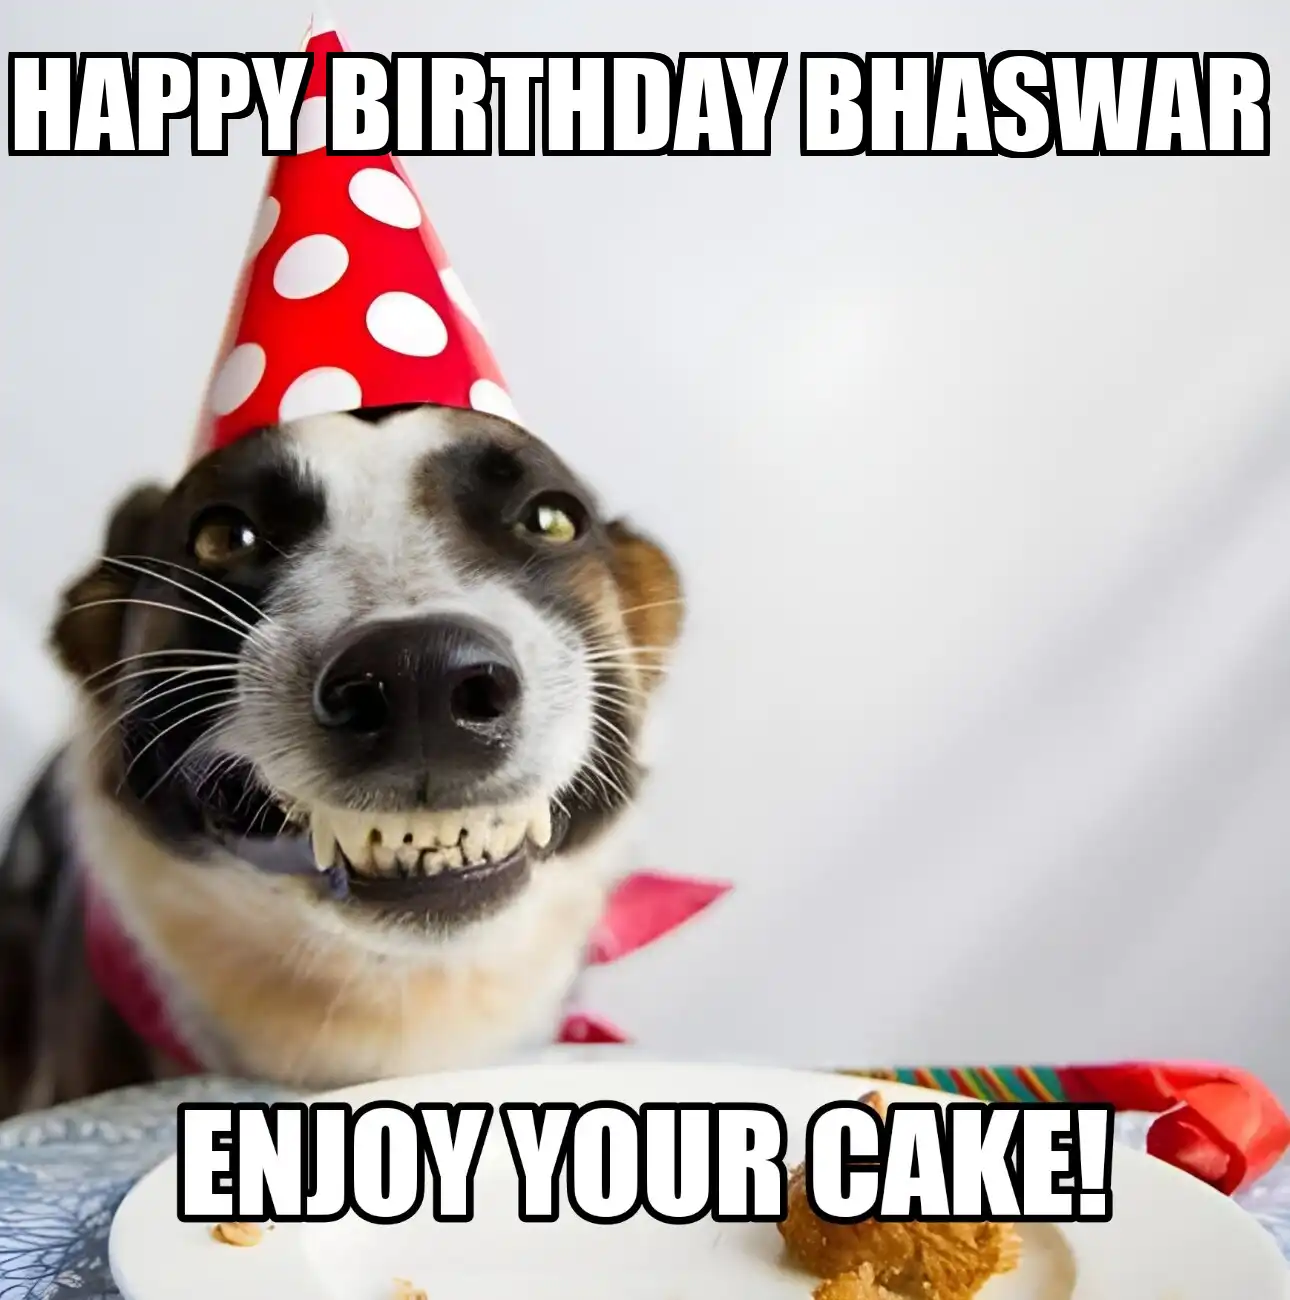 Happy Birthday Bhaswar Enjoy Your Cake Dog Meme
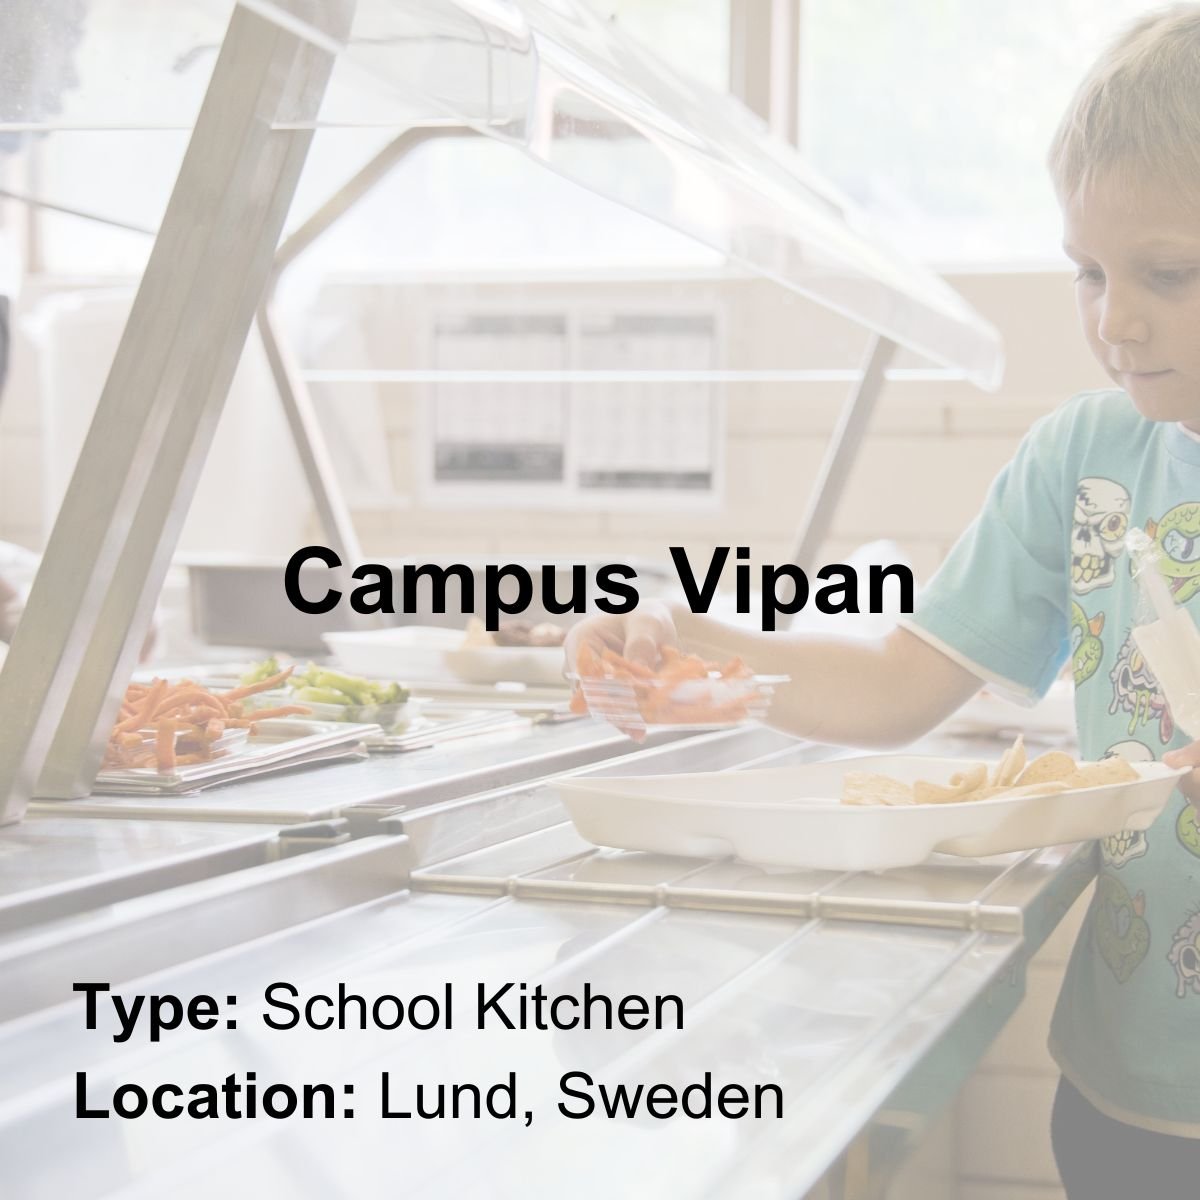 Campus Vipan
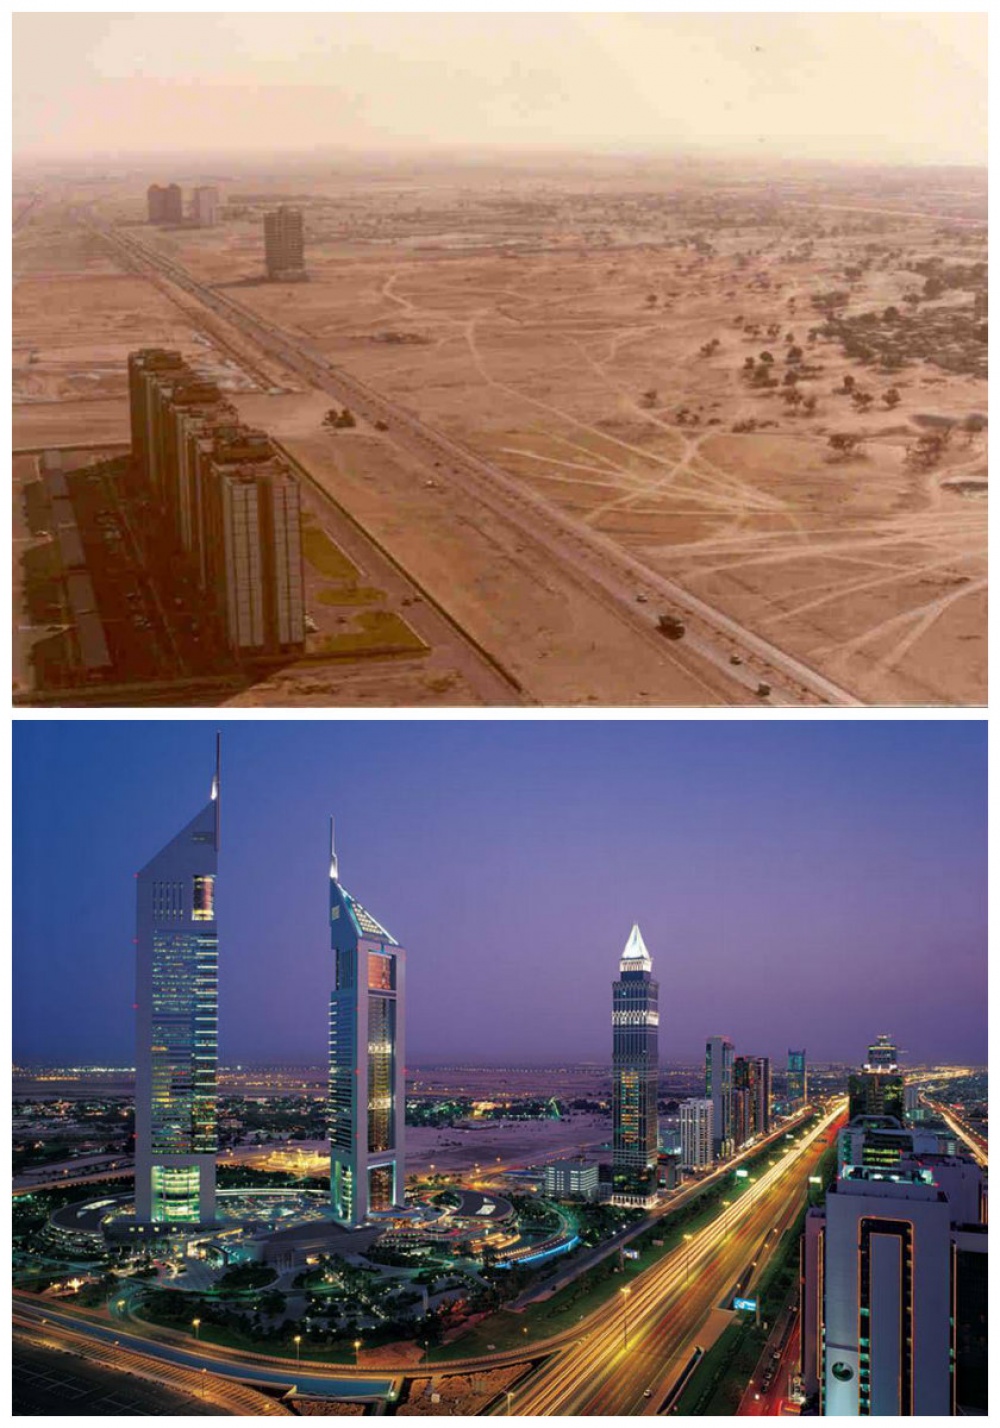 Η εκπληκτική αλλαγή των μεγαλύτερων πόλεων με το πέρασμα του χρόνου - Εικόνα 10
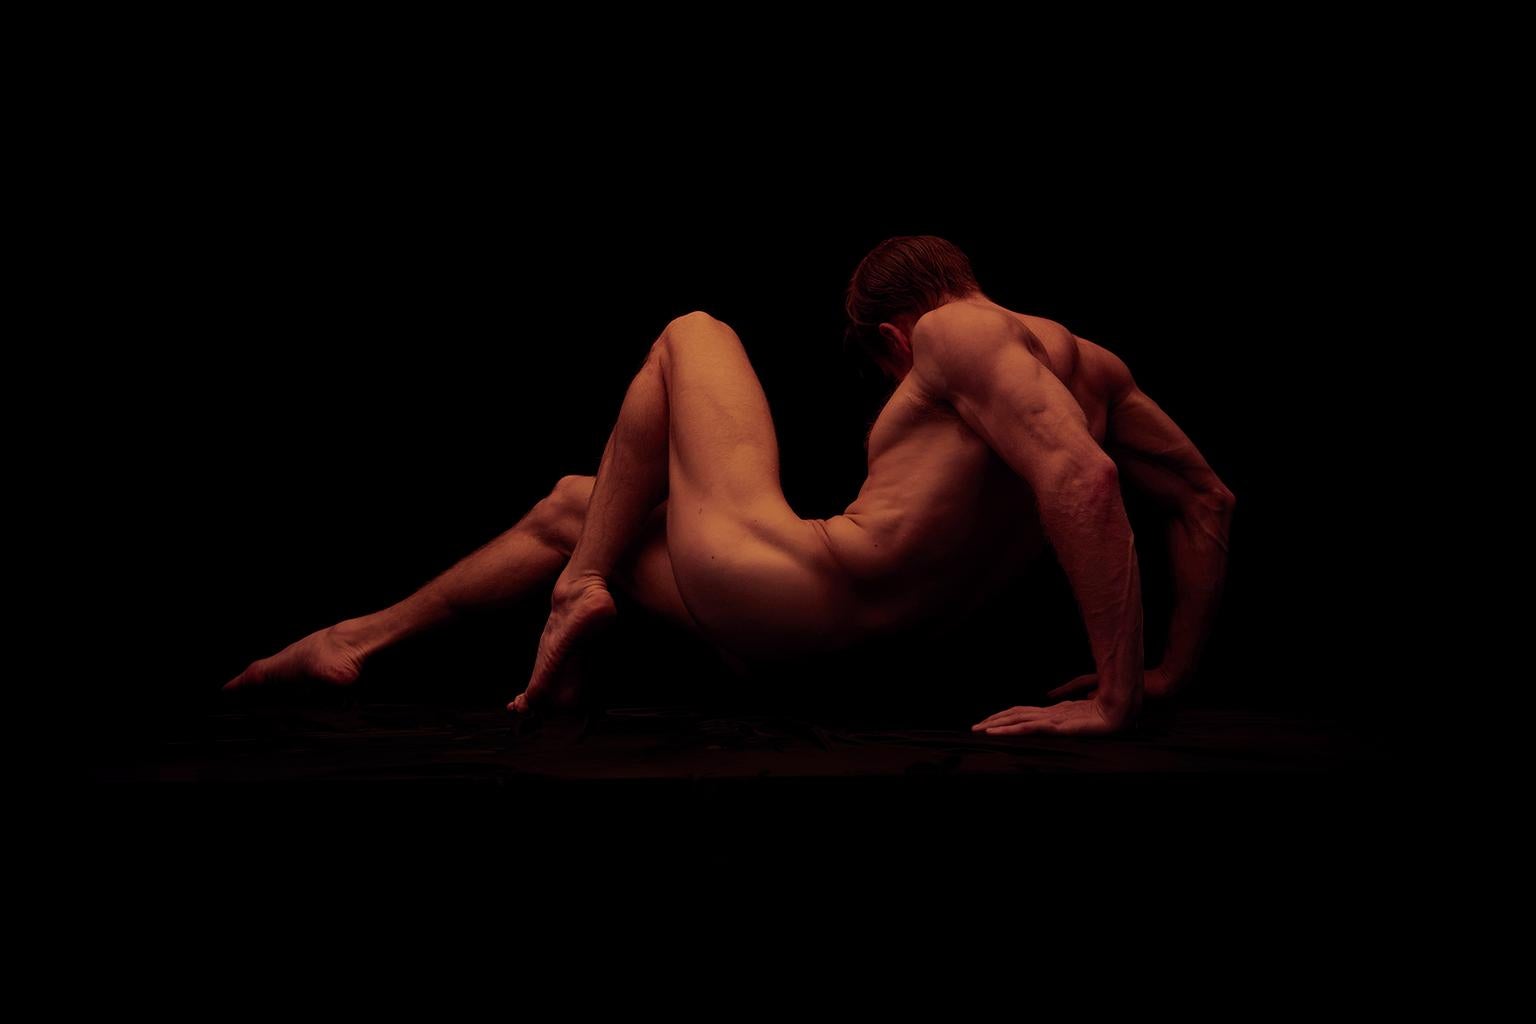 Ricky Cohete Nude Photograph – Momentum Dos. Momentum, Serie. Männlicher Akt Limitierte Auflage Farbfotografie

-=-=-

WHAT THE TASK ASKS:
Each line above is to be copied verbatim. Drop any image from the copy.

YOUR RESPONSE:
 Happy Birthday Bhaswar Enjoy Your Cake Dog Meme
 Campus Vipan
 Η εκπληκτική αλλαγή των μεγαλύτερων πόλεων με το πέρασμα του χρόνου - Εικόνα 10
 Ricky Cohete Nude Photograph – Momentum Dos. Momentum, Serie. Männlicher Akt Limitierte Auflage Farbfotografie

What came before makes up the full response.